# [Problem statement]
Please transcribe the data below in full. Omit any picture you find in it.

# [Recorded information]
-- Opening Marker --

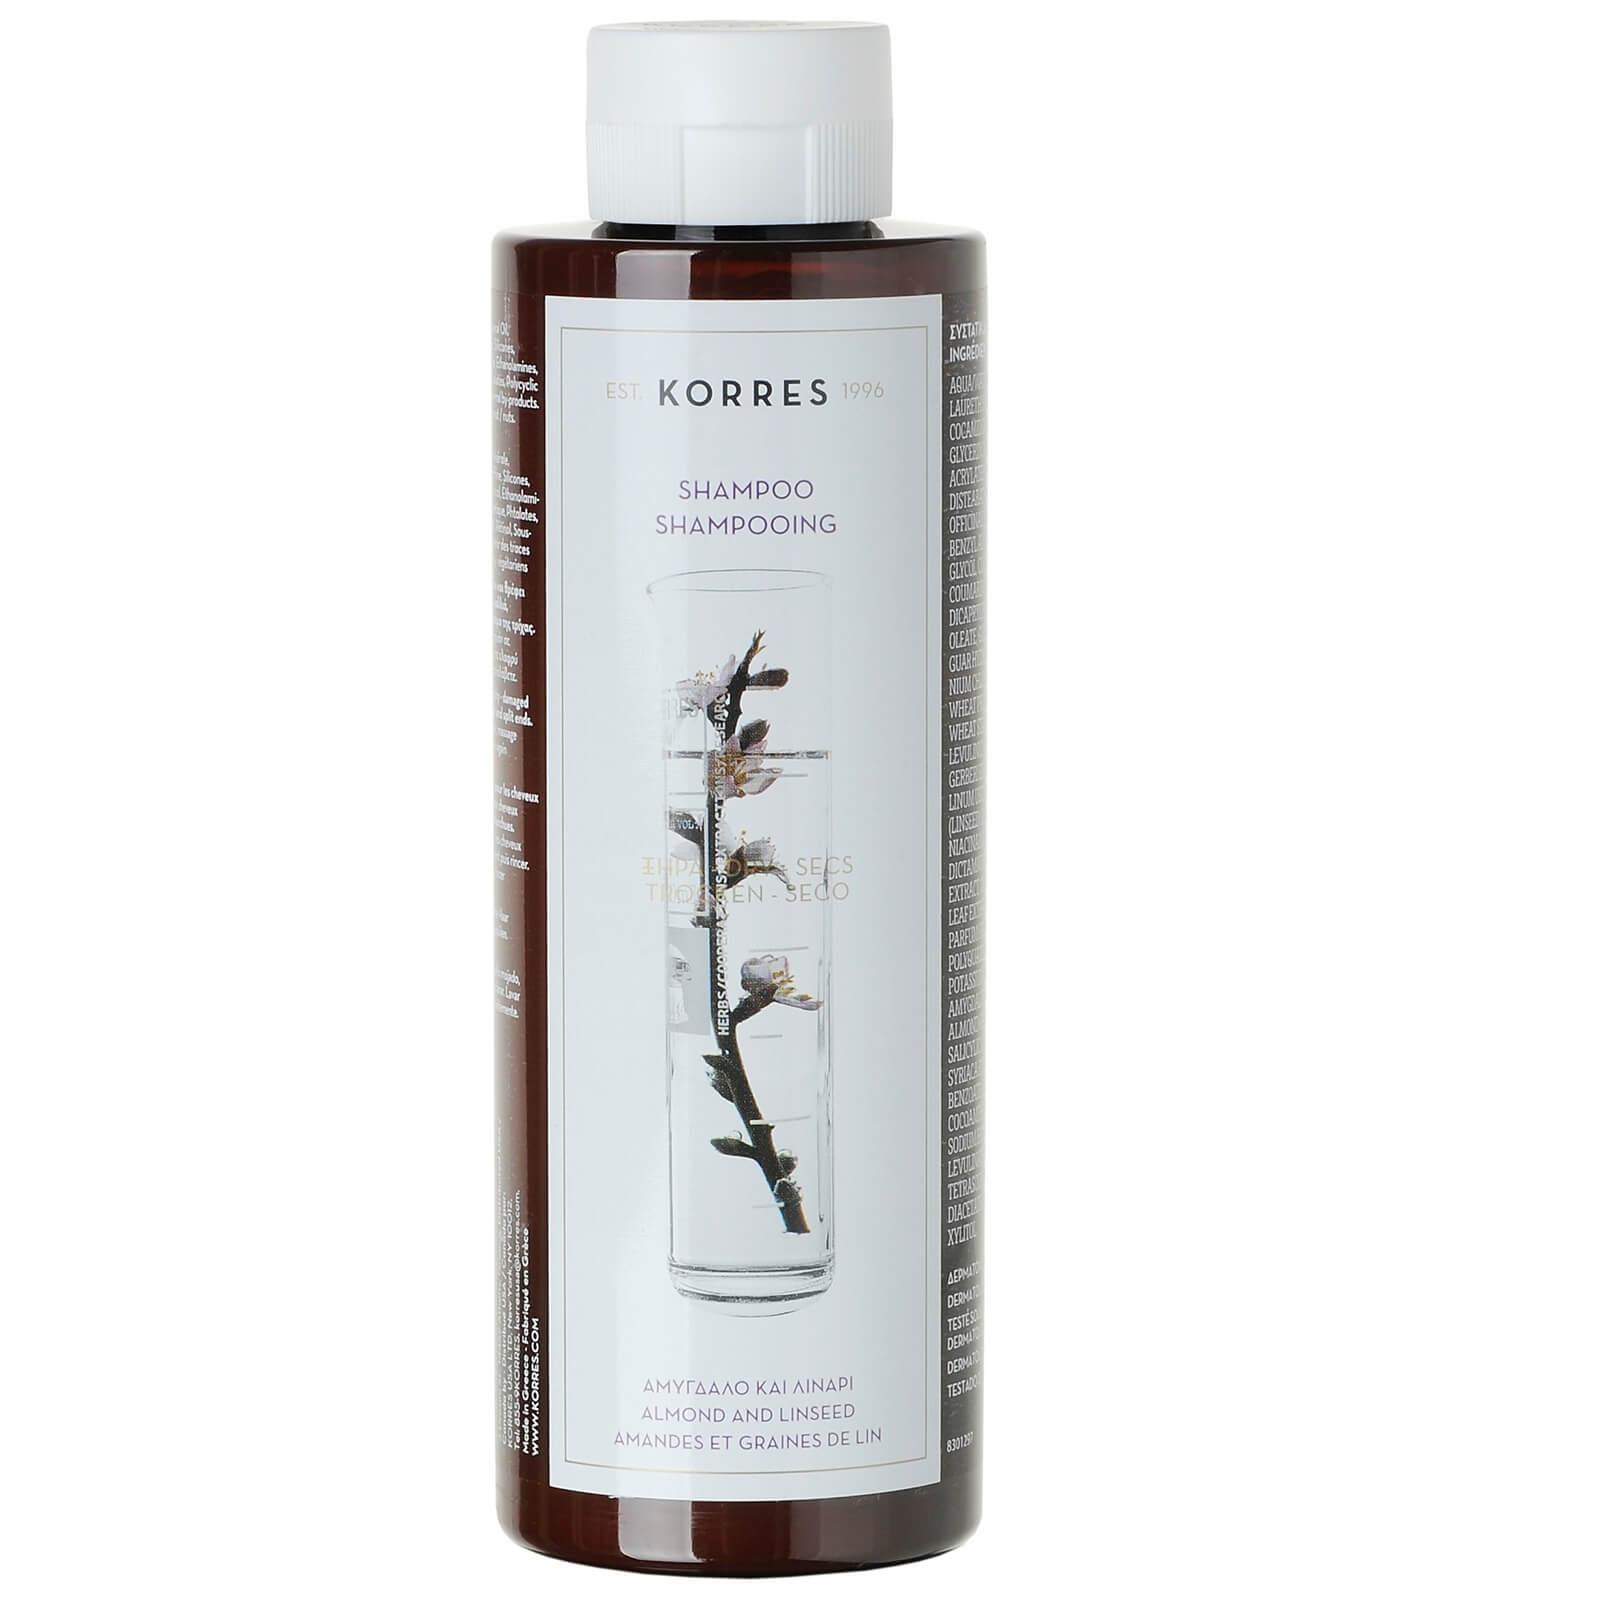 KORRES Shampooing Amande et Graines de Lin KORRES pour Cheveux Secs / Abîmés(250ml)
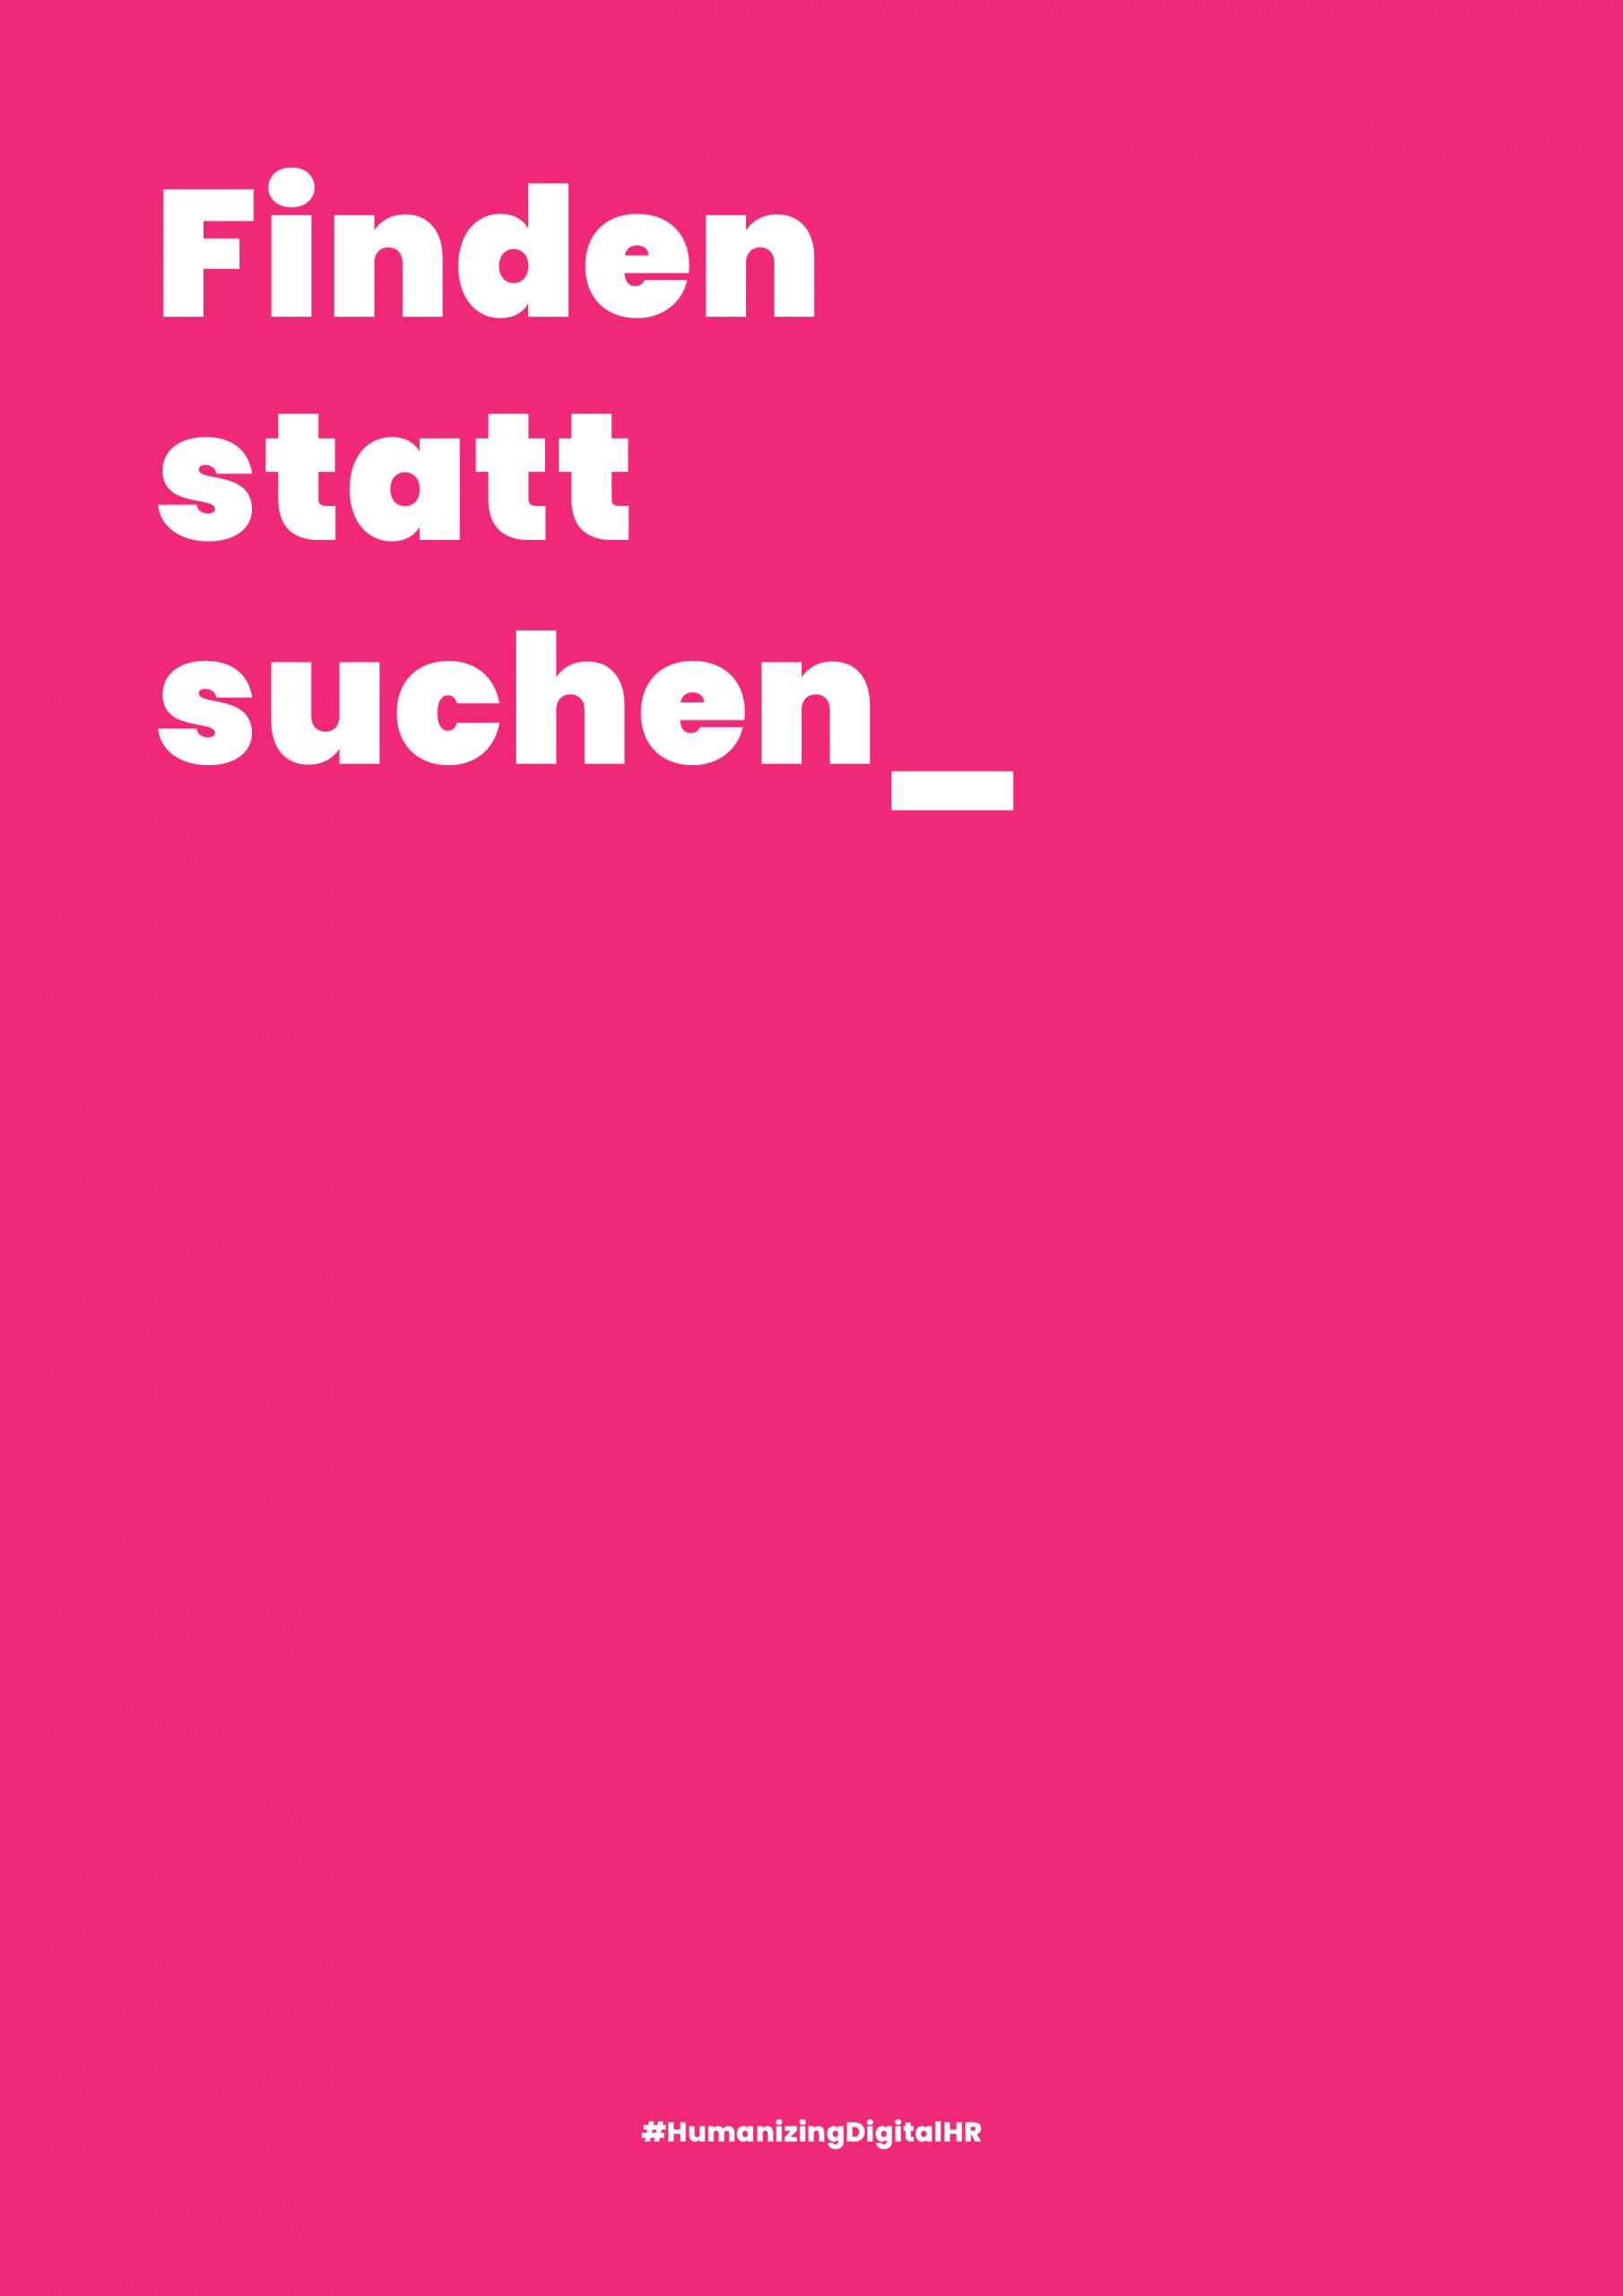 Layout_Poster_gruene3_Suchen
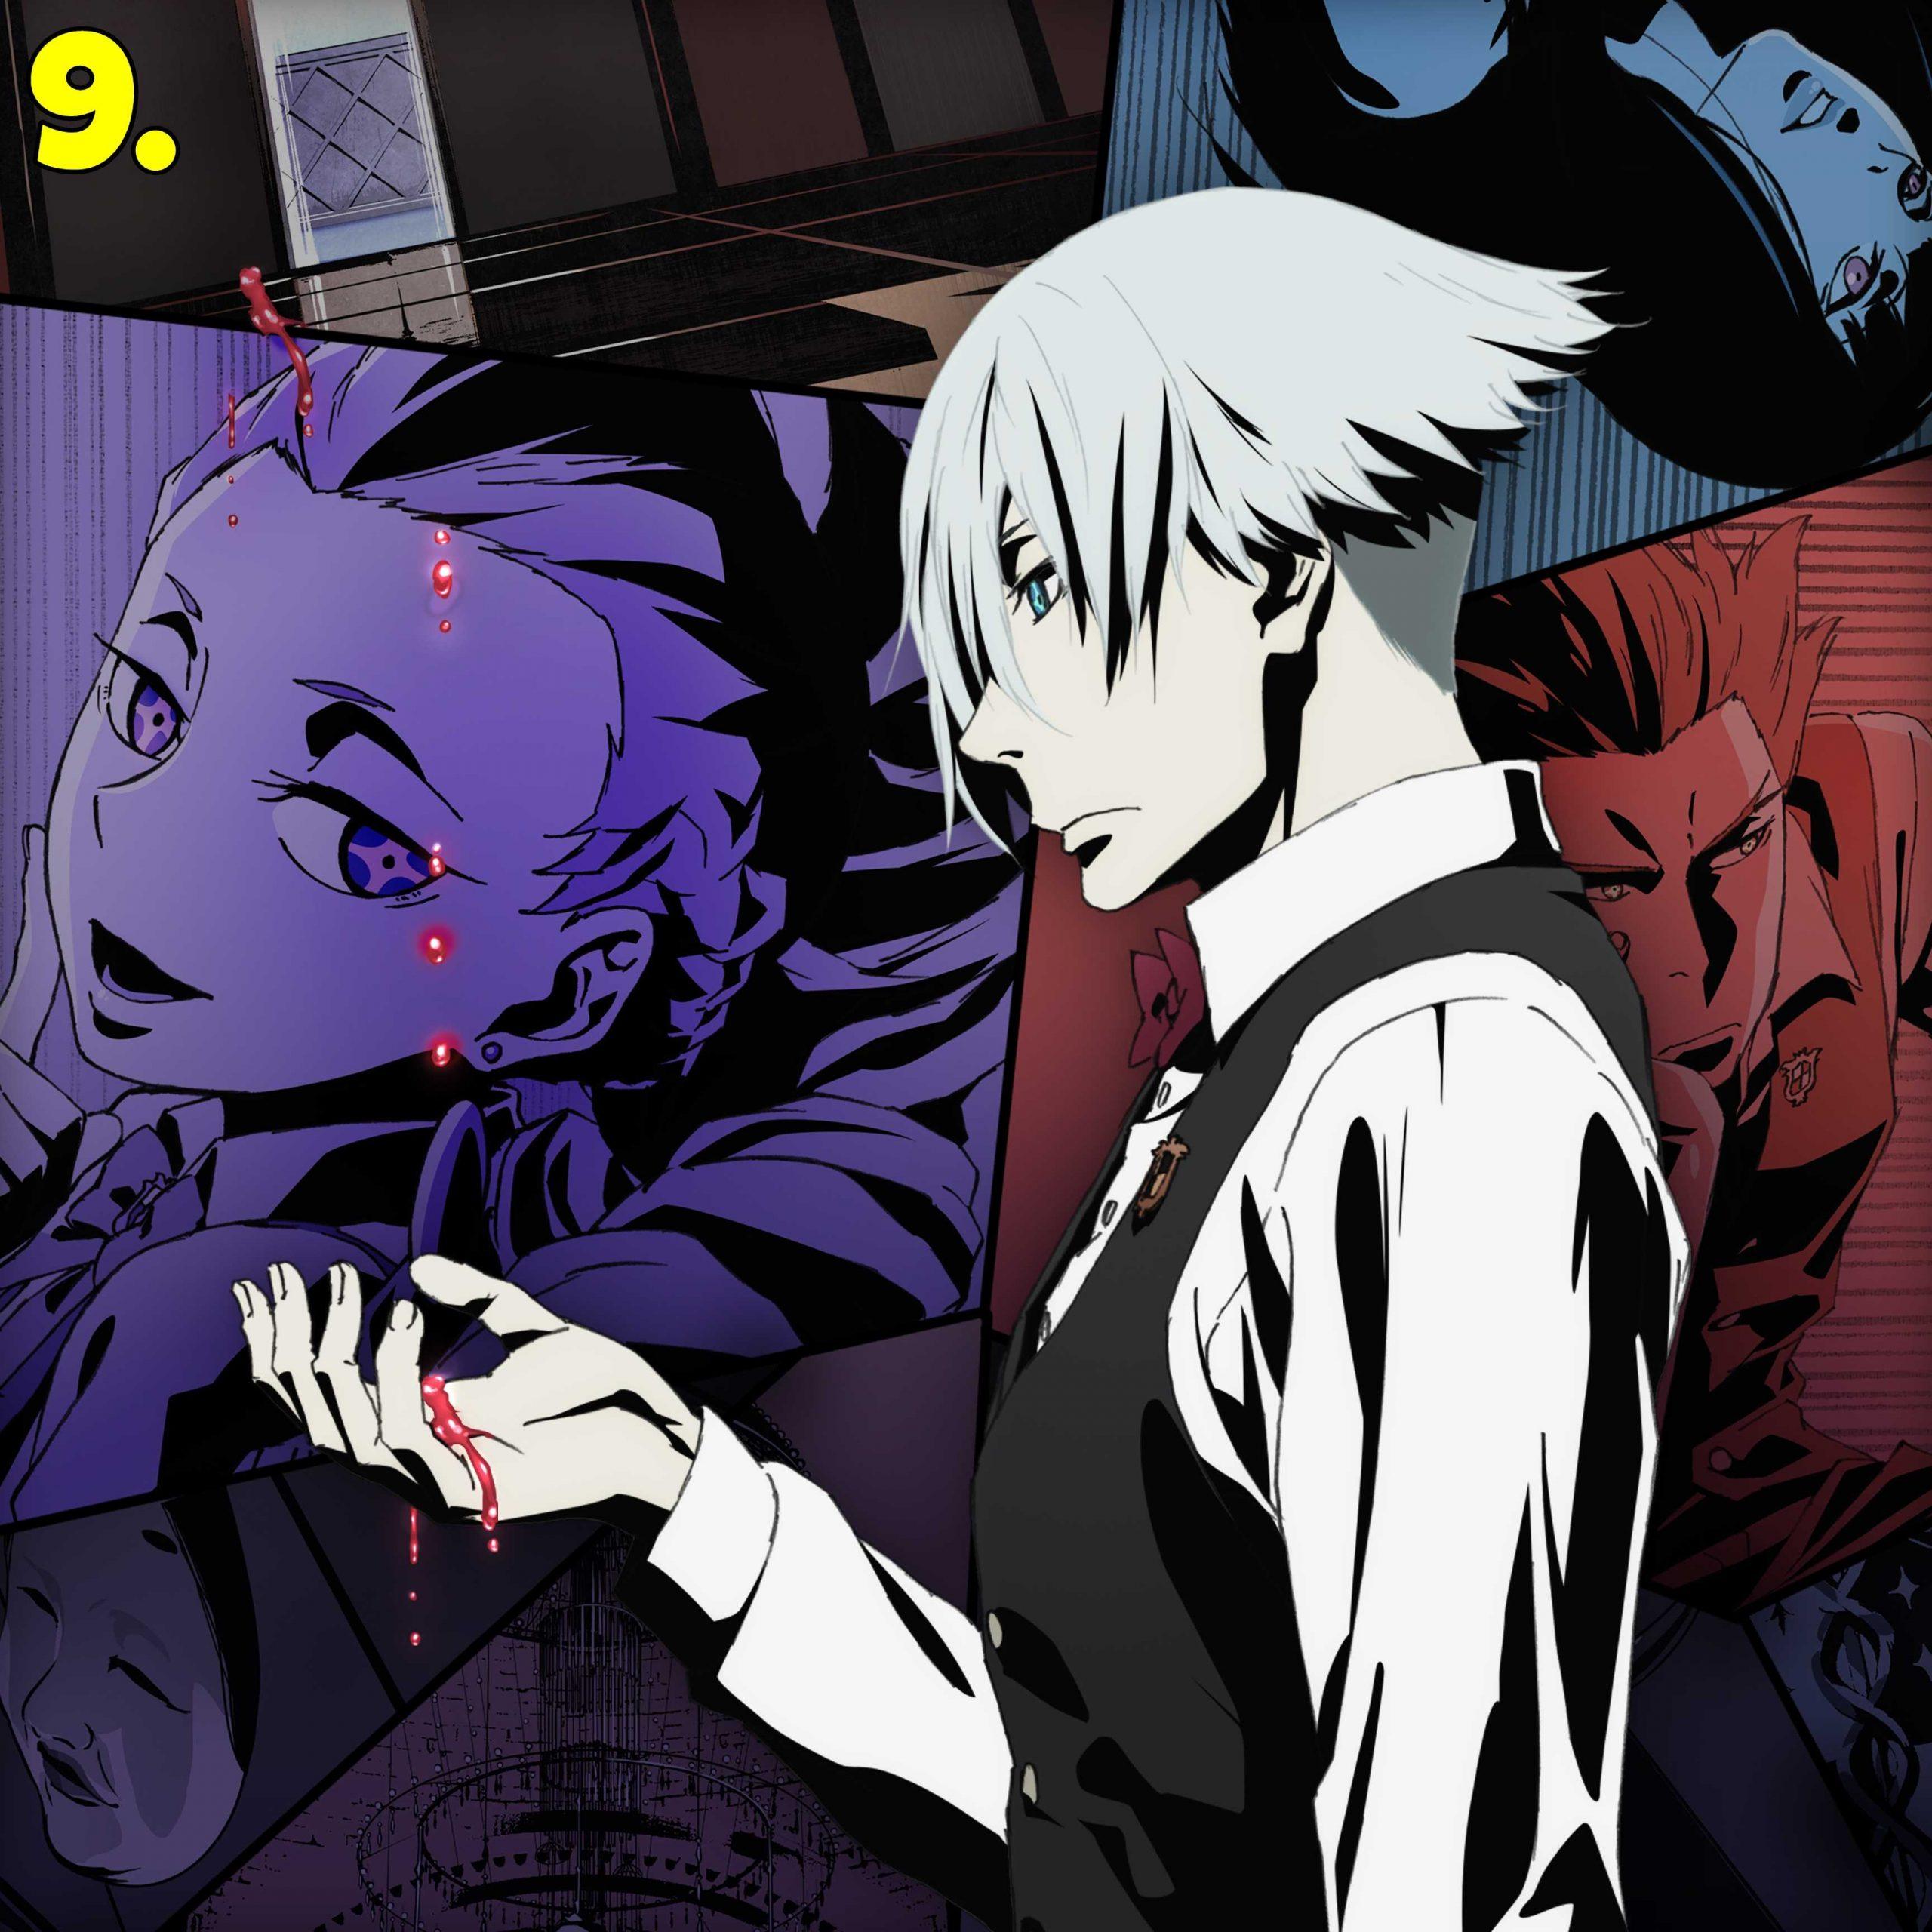 Mystery Anime

-- Closing Marker --

# [Solution]
 KORRES Shampooing Amande et Graines de Lin KORRES pour Cheveux Secs / Abîmés(250ml)
 Layout_Poster_gruene3_Suchen
 Mystery Anime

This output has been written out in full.